In this work, we present the first isoelectric-focusing-based protein preconcentration Lab-on-Chip based on an electrochemically derived pH gradient. This device incorporates of our previously reported Lab-on-PCB device to control the pH of a solution through electrochemical generation of acid using a 4 ×5 gold electrode array. Electrodes with a diameter of 3 mm and spacing of 0.9 mm were used in two configurations, with one open to the air and the other enclosed in microfluidic channels capable of holding approximately 21 µL. Gold working and pseudoreference electrodes were used in a 2-electrode configuration to electrochemically control the pH of a solution using CV and CA, a USB spectrometer was used in conjunction with a fluorescent dye to measure the pH of the solution and a nanovolume spectrometer was used to measure protein concentrations.

The electrodes were cleaned, stripped, and subsequently functionalized with a thiol-terminated molecule to form a SAM, which was electrochemically polymerized using CV to improve the electrochemical reversibility.
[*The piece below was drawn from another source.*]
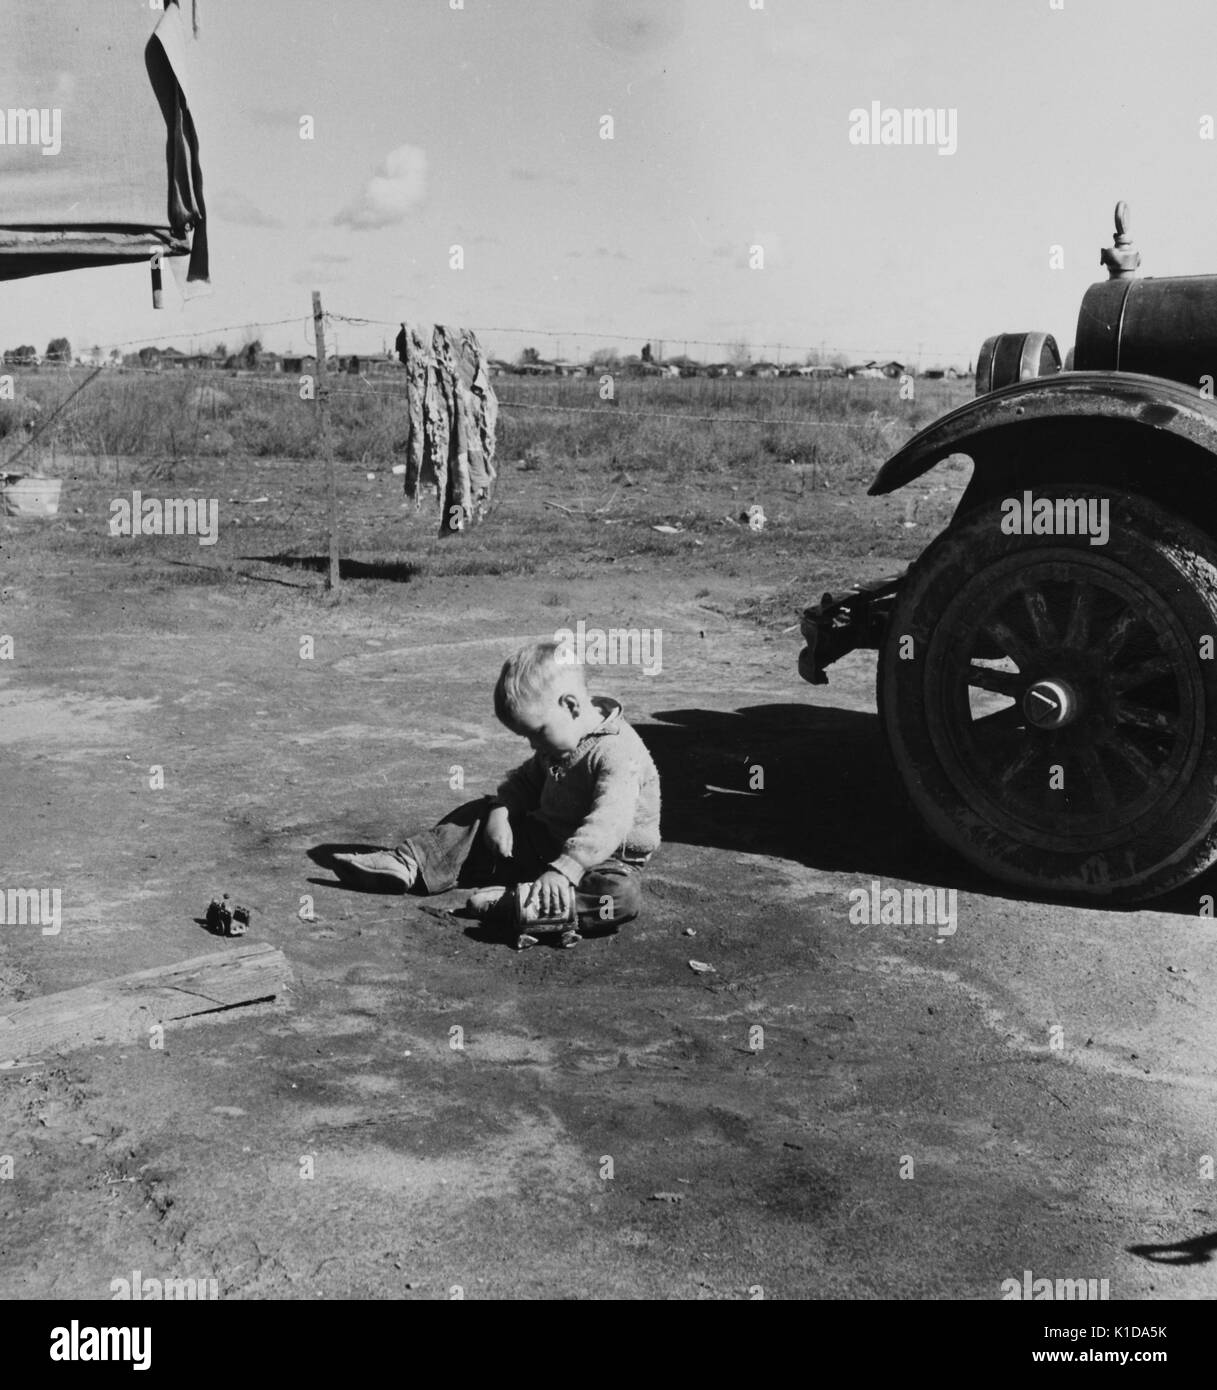 A small boy playing with a handmade toy wagon in the dirt of a migrant camp, near a car, a piece of ruggedly made clothing dries in the background, California, 1936. From the New York Public Library. Stock Photo

Potentials were applied to one pad in the array, which served as the WE, and to another pad in the array, which served as a gold pseudo-reference electrode. A CA of 0.4 V was applied for a range of time periods to characterize the device and induce a change in the pH of a solution comprising mostly 10 mM PBS.

In open-air configuration, a clear peak was observed in the optically measured concentration of the protein, bHb, at the pH corresponding to the protein’s pI and a concentration factor of more than 3. Microfluidic channels were subsequently designed and formed using layers of double-sided adhesive and one thin and one thick layer of PMMA. These channels were successfully used to qualitatively prove that the device was capable of preconcentrating proteins when a voltage of 0.4 V was applied over a period of 30 min. This demonstrates the devices’ potential for integration into existing LoC or Lab-on-PCB devices where the target analyte has an inherent net charge.

We propose that our approach of employing electrochemistry, rather than chemical reagents, can simplify isoelectric focusing devices and novelly advance them toward use as practical components in low-abundance protein quantification Lab-on-Chip microsystems. The practical implementation we present here via Lab-on-PCB further enables the incorporation of such devices as components in high-complexity, seamlessly integrated microsystems.